Changelings

Here’s W.B. Yeats’ introduction to the section on changelings in his collection Fairy and Folk Tales of Ireland:

“Sometimes the fairies fancy mortals and carry them away into their own country, leaving instead some sickly fairy child, or a log of wood so bewitched that it seems to be a mortal pining away, and dying, and being buried.

“Most commonly they steal children. If you ‘look over’ a child,’ that is, look on it with envy, the fairies have it in their power.”

[But how can you tell? I mean maybe my kid just kind of shriveled up ’cause he was sick. And babies look an awful lot alike.]

“Many things can be done to find out if a child’s a changeling, but there is one infallible thing — lay it on the fire with this formula, ‘Burn, burn, burn — if of the devil, burn; but if of God and the saints, be safe from harm.'”

[Don’t forget that last part! I know what you’re thinking.

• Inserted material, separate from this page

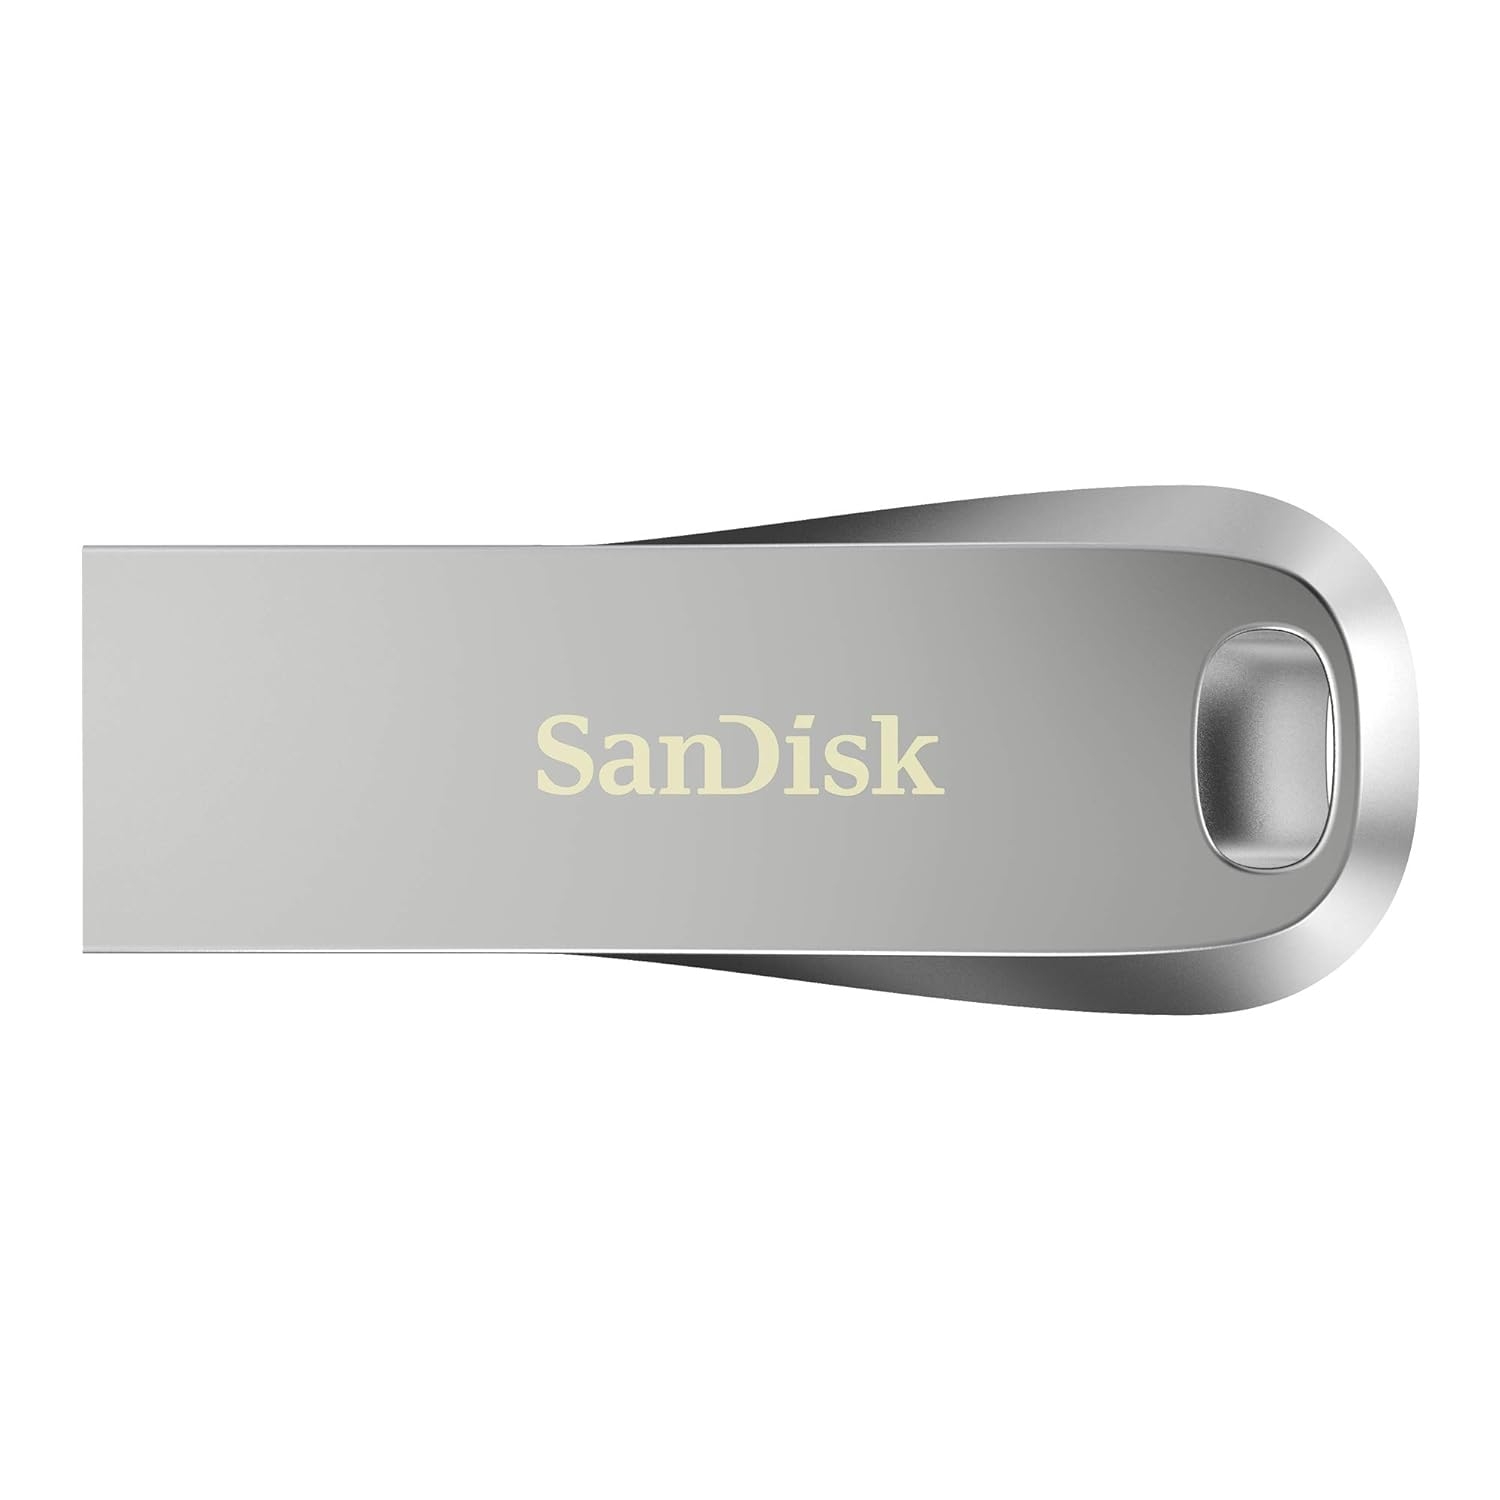 SanDisk Ultra Luxe USB 3.1 Flash Drive 512GB, Upto 400MB/s, All Metal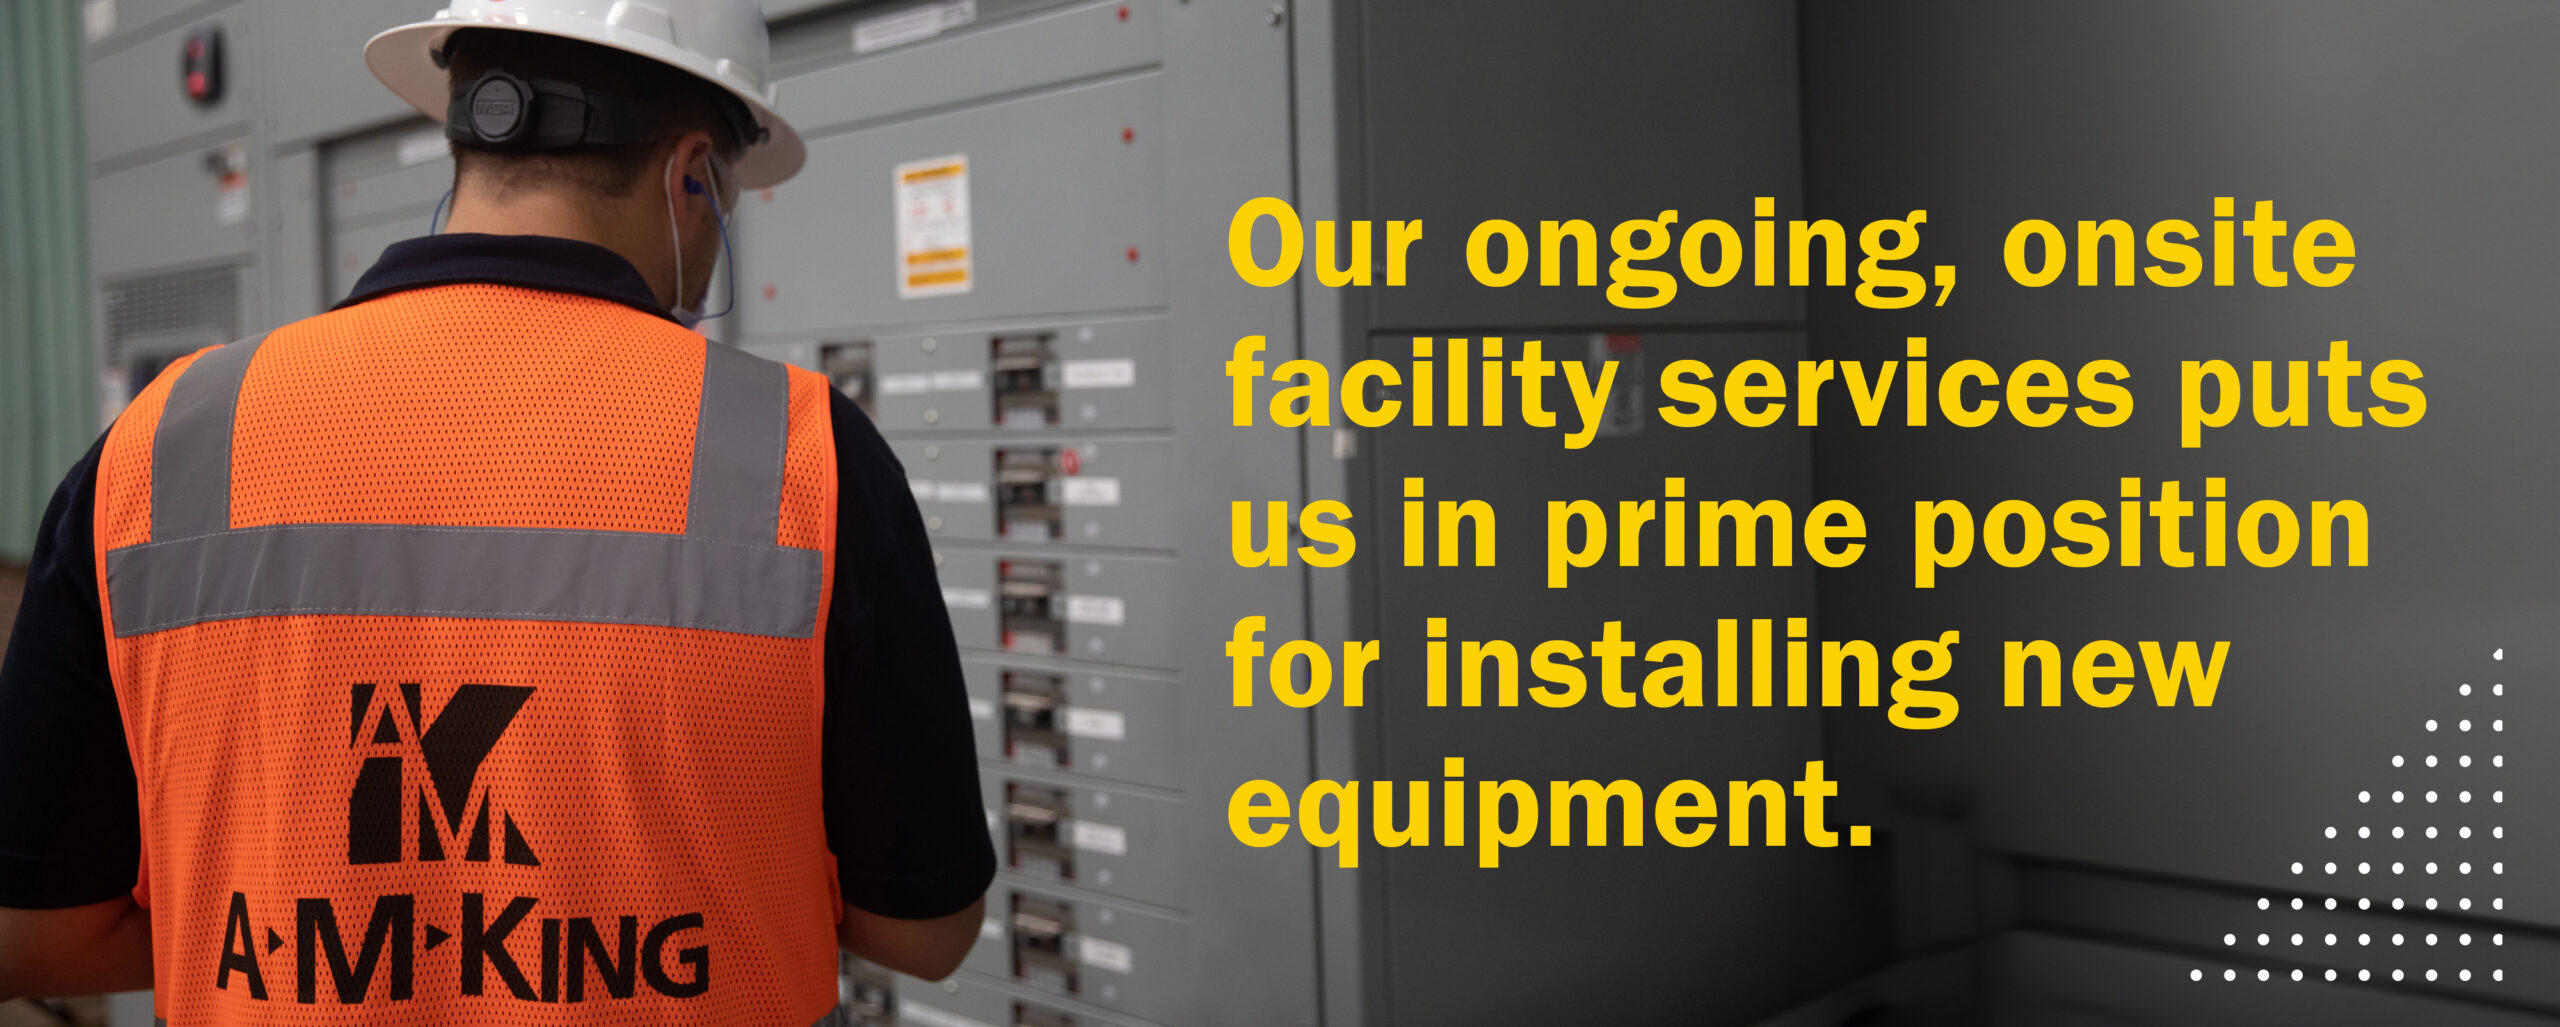 An A M King expert wearing an orange vest, performing ongoing, onsite facility services.

But we have to be more open-minded about faith-based medical procedures. And Yeats notes that this incantation is from Lady Wilde, who tended to be a lot gloomier than all the other Irish writers on the subject.]

Then Yeats tells a beautiful little story in just one paragraph, really a thing of beauty:

“It is on record that once, when a mother was leaning over a wizened changeling, the latch lifted and a fairy came in, carrying home the wholesome stolen baby. ‘It was the others who stole him,’ she said. As for her, she wanted her own child.”